AnotherStitchInTime Sat 31-Aug-13 17:29:33

I think that if you do not intend to move her from the school then a strongly worded complaint to the head/governors/education department/ombudsman (if all else fails) is in order.

The school doctor is not a specialist, the specialist has said she needs them. FGS kids are teased for all sorts of things, but if they need glasses then they need them, surely they don't take other children's prescription glasses away?

They sound like they are actively doing everything in their power to not support her and give her a statement. angry

The British Dyslexia Association helpline might be able to help you with fighting the 'system'. You need a paper trail and maybe even legal advice. There are some very knowledgeable parents on the special needs board here that might have more advice, you could also post in legal matters to see if anyone there has advice.

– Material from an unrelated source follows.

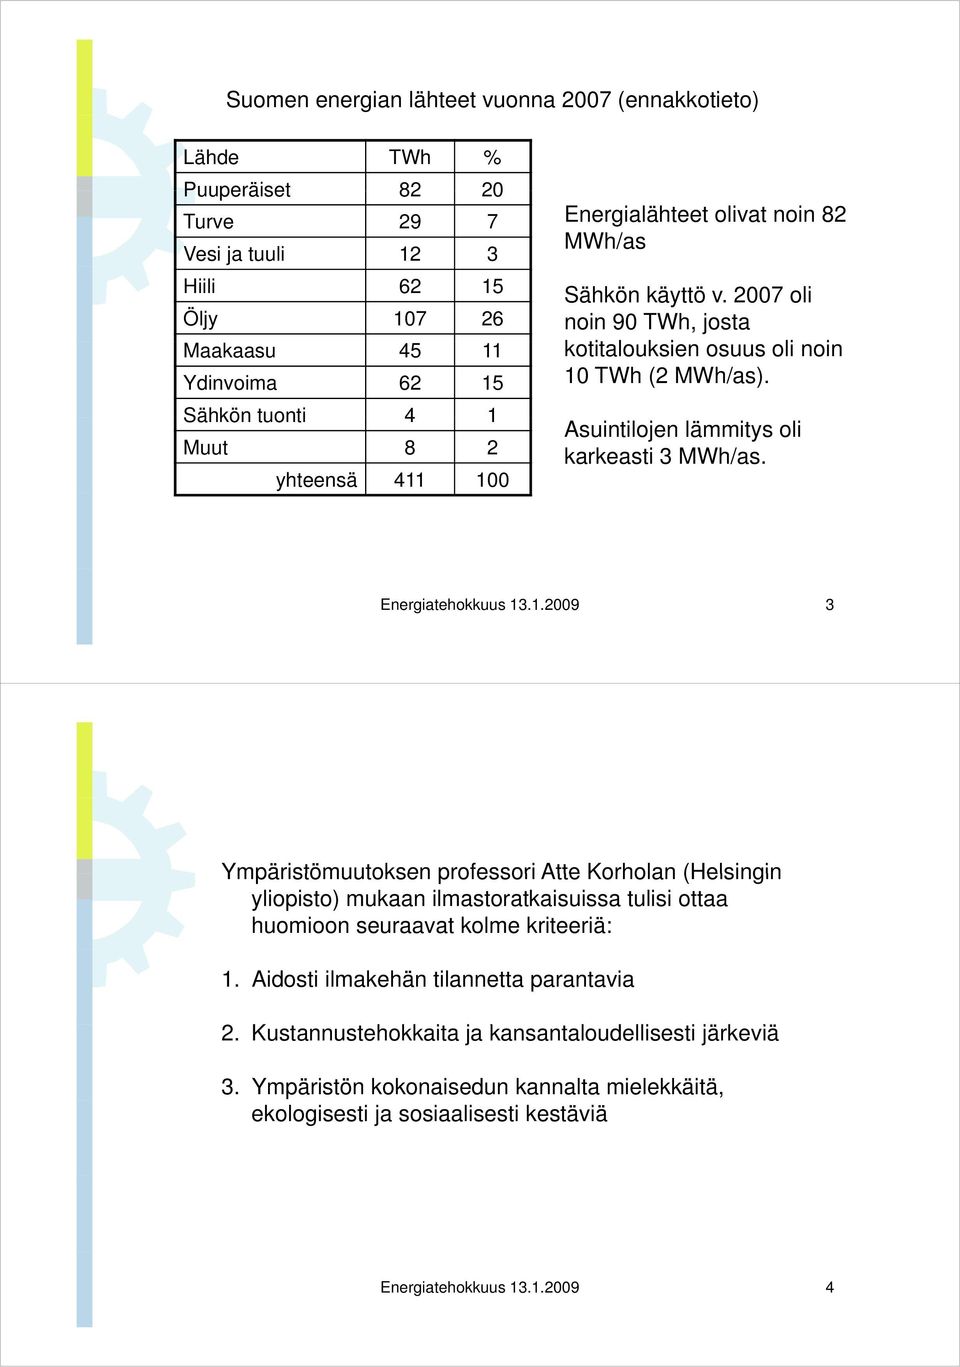 Energiatehokkuus 13.1.2009 3 Ympäristömuutoksen professori Atte Korholan (Helsingin yliopisto) mukaan ilmastoratkaisuissa tulisi ottaa huomioon seuraavat kolme kriteeriä: 1.

miemohrs Sat 31-Aug-13 17:12:12

Message withdrawn at poster's request.

Cheryzan Sat 31-Aug-13 09:34:00

Knowing she is dyslexic will help - so tell her she is. You don't need to pay an ed psych to tell her that. You can.

If she needs coloured overlays, can I recommend you play Engaging Eyes. It corrects convergence problems which may be the reason she needs coloured overlays.

hillian Sat 31-Aug-13 08:32:10

have you heard the term dual or multiple exceptionality (DME)? Its when a child is both gifted and has a learning disability.

AnotherStitchInTime Fri 30-Aug-13 23:21:20

Did they suggest different colour overlays for different tasks? If there is a particular colour that might be better for her you will be able to get glasses with a tinted lens.

TBH if the school is that un-supportive I would be looking to move her to one that can support her needs. A professional has decided use of overlays would be best for her. The school should be taking that advice and implementing it, every child matters should be part of their ethos.

miemohrs Fri 30-Aug-13 22:30:40

Message withdrawn at poster's request.

hillian Fri 30-Aug-13 22:15:03

have you considered dysgraphia? The type with spelling difficulties as well as handwriting difficulties.

HumphreyCobbler Fri 30-Aug-13 21:53:11

I would also send her to have an assessment with a behavioral optometrist to rule out any sight problems that could be hindering her work. I think this is well worth doing. She could have tracking or eye teaming problems that cause her immense strain when trying to read or write.